Published in final edited form as: Proc SPIE Int Soc Opt Eng. 2014 Mar 13;9038:90381R. doi: 10.1117/12.2044340

Pair-wise Clustering of Large Scale Granger Causality Index Matrices for Revealing Communities

Axel Wismüller 1, Mahesh B Nagarajan 1,*, Herbert Witte 2, Britta Pester 2, Lutz Leistritz 2
PMCID: PMC5697795  NIHMSID: NIHMS887994  PMID: 29170584

Abstract

The analysis of large ensembles of time series is a fundamental challenge in different domains of biomedical image processing applications, specifically in the area of functional MRI data processing. An important aspect of such analysis is the ability to reconstruct community network structures based on interactive behavior between different nodes of the network which are captured in such time series. In this study, we start with a previously proposed novel approach that applies the linear Granger Causality concept to very high-dimensional time series. This approach is based on integrating dimensionality reduction into a multivariate time series model. If residuals of dimensionality reduced models can be transformed back into the original space, prediction errors in the high–dimensional space may be computed, and a large scale Granger Causality Index (lsGCI) is properly defined. The primary goal of this study was then to present an approach for recovering network structure from such lsGCI interactions through the application of pair-wise clustering. We specifically focus on a clustering approach based on topographic mapping of proximity data (TMP) for this purpose. We demonstrate our approach with a simulated network composed of five pair-wise different internal networks with varying strengths of community structure (based on the number of inter-network vertices). Our results suggest that such pair-wise clustering with TMP is capable of reconstructing the structure of the original network from lsGCI matrices that record the interactions between different nodes of the network when there is sufficient disparity between the intra- and inter-network vertices.

Keywords: Granger causality index, dimension reduction, topographic mapping of proximity, pair-wise clustering

1. MOTIVATION/PURPOSE

To analyze large ensembles of time series is a fundamental challenge in many domains of biomedical image processing applications, ranging from microarray gene expression analysis to functional MRI data processing. A basic problem in quantifying directed information transfer is the consideration of effective connectivity in very high-dimensional systems. Currently, high-dimensional systems are transformed into a lower dimensional system, e.g. by Principal or Independent Component Analysis (PCA, ICA), and the connectivity structure of derived components is studied. Here the drawback is that a revealed interaction cannot be readily transferred back into the original high-dimensional space. Thus, directed interactions between the original network nodes are not revealed, which limits the interpretation of identified interaction patterns. Granger Causality (GC) is a suitable concept for assessing connectivity structures between time series. One popular approach uses principles of prediction [1], whereby application of a straightforward generalization to general time series models is enabled, providing an appropriate definition of prediction errors. Instead of analyzing interactions between derived components, a large scale GC (lsGC) approach preserves the interpretability of the original network nodes. The idea of that approach is the integration of a dimension reduction into a multivariate time series model, which allows computation of prediction errors in the original high-dimensional space.

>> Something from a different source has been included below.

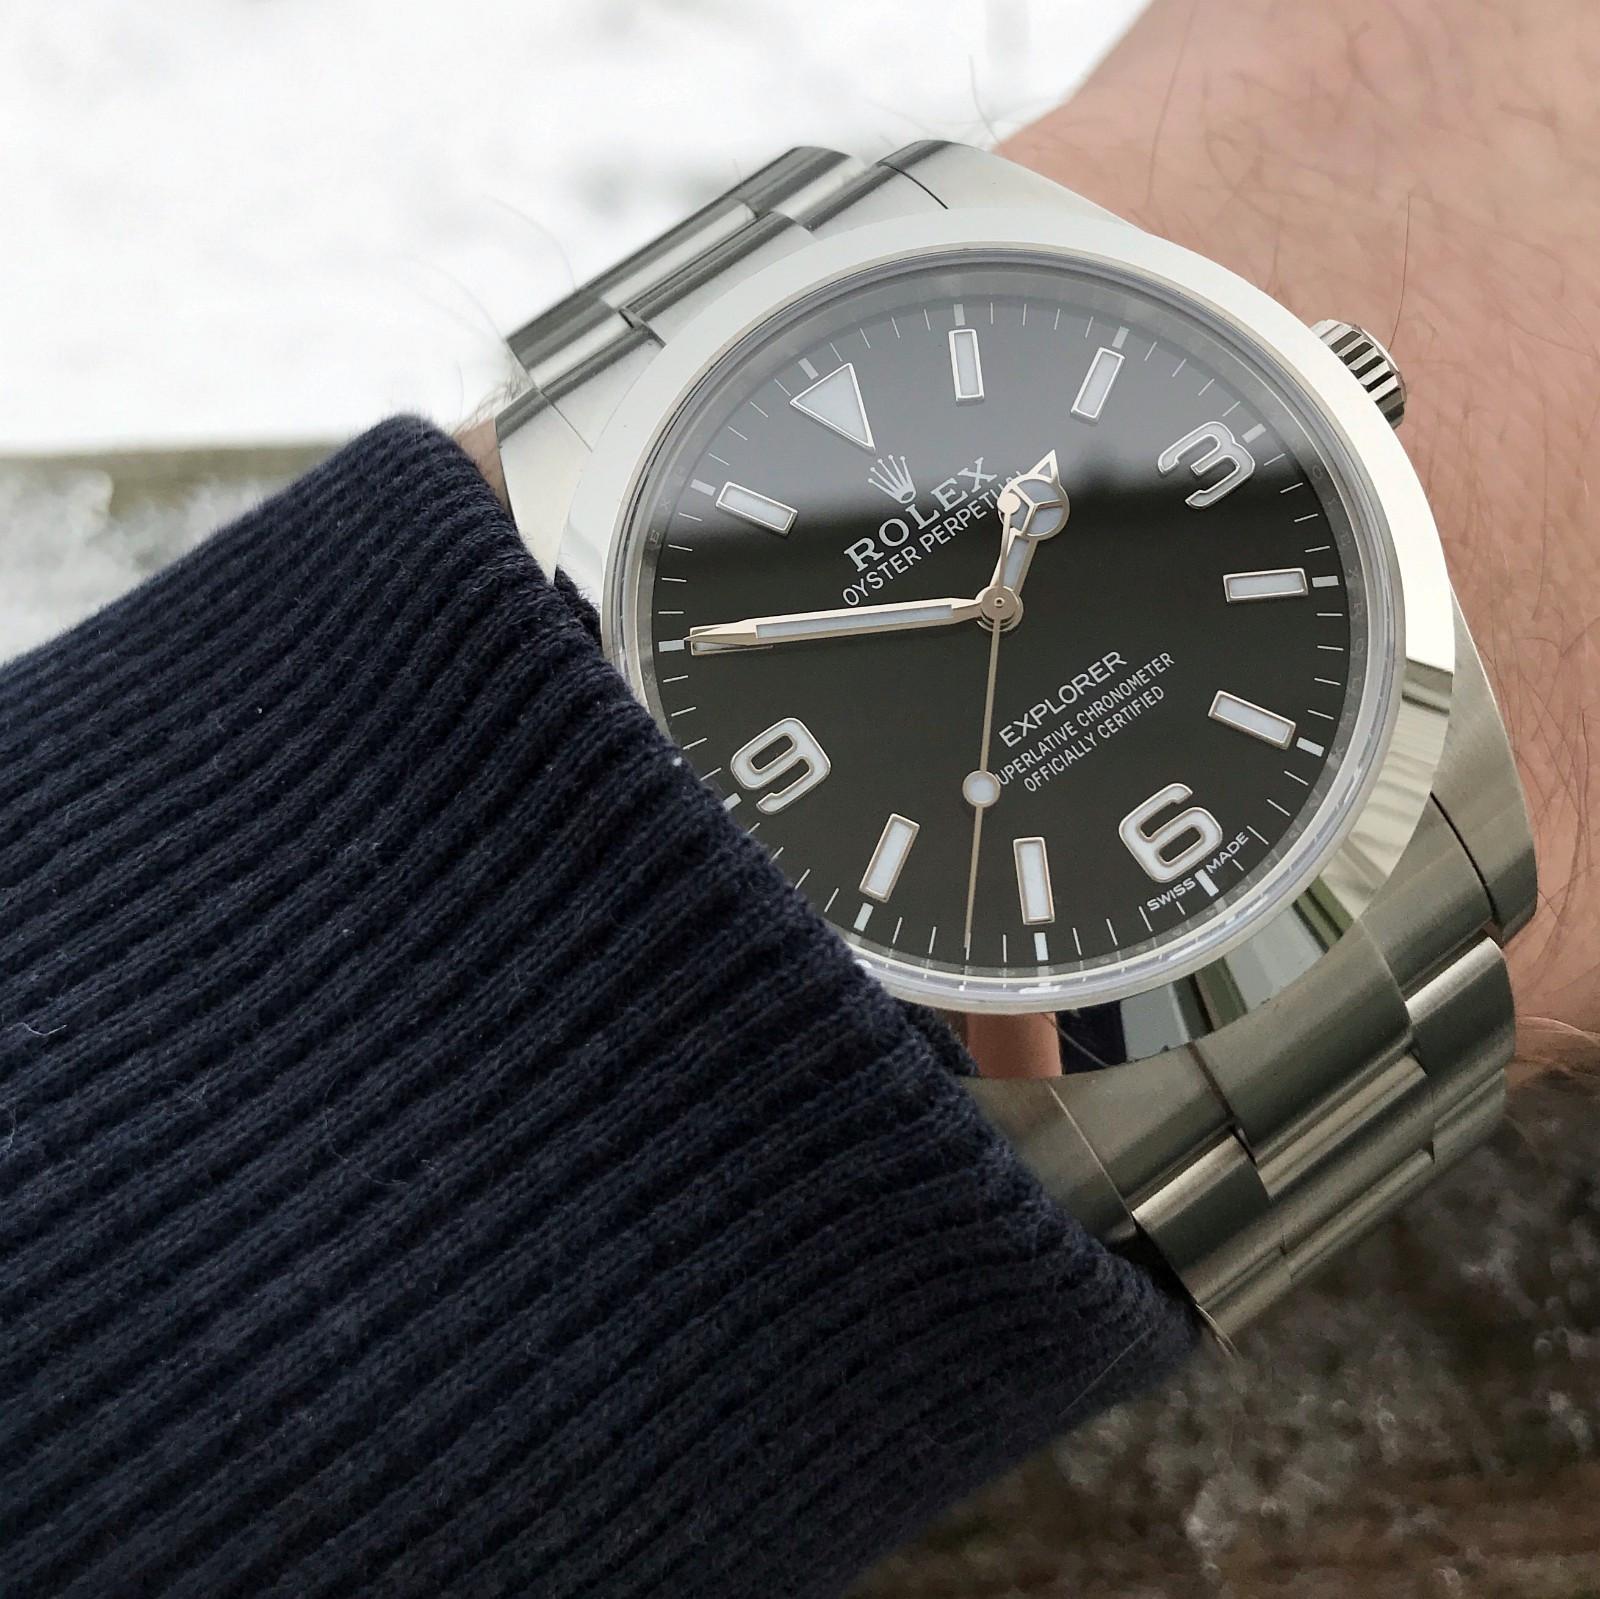 """Rolex Explorer 214270 - Laksevåg  - Explorer kjøpt på Bjerke i Bergen i april 2017. Dette er den """"nye"""" versjonen som ble introdusert på Basel i 2016, med litt lengre visere og lume i 3-6-9. Akkurat passe størrelse, og såpass diskret at den kan brukes til hva som helst"""

An important aspect of such analysis is the need to recover the original community network structures based on interactive behavior between different nodes of the network as captured by lsGCI. Given an lsGCI matrix that describes interactions between different nodes of a network, a pair-wise clustering approach could identify macro-networks of internal nodes thereby reconstructing the original community network structure. Such an approach could be particularly useful for biomedical image processing applications, specifically in processing functional MRI data, where such analysis with lsGCI could reveal macro-networks within the brain. In this work, we pursue a pair-wise clustering approach based on the topographic mapping of proximity (TMP) data algorithm for purposes of recovering the community structure of a simulated network with five pair-wise different internal networks, as shown in Figure 1 and discussed in the following sections.

Figure 1.

Figure 1

Network structure with five internal networks (communities) and a variable number V of inter-community-vertices.

2. DATA

To compare the lsGCI with the conventional Granger Causality Index (GCI), we considered a time series dimensionality that can be approached by both methods. We realized 50–dimensional stationary multivariate autoregressive (MVAR) processes of order two and various time series lengths between 125 and 1000. Thereby, the entire network structure was given by five pair-wise different internal networks N1, …, N5 with ten nodes each (Fig. 1). The corresponding autoregressive (AR) parameters were chosen according to the AR-model of Baccala et al. [2], Fig. 4, and were scaled by factor 0.5 to ensure the stationarity of the entire process. The internal networks, or communities, Nk incorporate 20 directed vertices by setting the associated first order AR-parameter to 0.2. The in- and out-degree of each node equals two. Finally, there is a variable number V of randomly generated directed vertices from nodes of N1 to nodes of N2, from nodes of N2 to nodes of N3, etc. (see Fig. 1). Exemplarily, the corresponding adjacency matrices are shown in Fig. 2 for V = 5 and V = 20. All noise variables of the MVAR processes were i.i.d. N(0,1).

Figure 4.

Figure 4

Adjusted rand index representation of clustering quality with TMP for τ = 10 (top), 5(middle) and 1 (bottom). In each sub-plot, curves are shown for N = 1000 (-), N = 500 (--) and N = 300(···).

Figure 2.

Figure 2

Adjacency matrices of networks with different numbers of inter-community vertices. Black squares indicate a directed vertex between two nodes. The community structure is stronger for V = 5 and comparably weak for V = 20.

3. METHODS

A D-dimensional, pth order MVAR process is given by Y(n)=r=1pArY(nr)+E(n), n = 1, …, N, with AR-parameters Ar ∈ ℝD×D and a zero mean, uncorrelated noise process E. In the case of high-dimensional data, a simple AR estimation is not possible as computational capacity rapidly meets its limits. Thus, in a first stage PCA serves as a preprocessing step for dimension reduction: X = WY, with Y = (Y(1), …, Y(N)), the principal component (PC) matrix X ∈ ℝD×N, and the mixing matrix W ∈ ℝD×D. Let XC and WC be the reduced PC and mixing matrices consisting of the first C rows of X and W, respectively. XC(n) is now MVAR–modeled, and the modeled time series C(n) is afterwards transformed back into the original HD space via left multiplication of the pseudo inverse WC+ of WC. The residuals of the whole model are then gained by Ê = WC+CY. For GCI computations, the processing of the reduced data Yd, where the dth row of Y is deleted, can be performed in two different ways:

  1. Multi PCA (mPCA): for every Yd a separate PCA is performed, i.e. Xmd=WmdYd, where Xmd and Wmd are calculated anew by PCA for each d. After reducing Wmd to dimension C and estimating the corresponding AR model, the modeled series X^md(n) can be calculated.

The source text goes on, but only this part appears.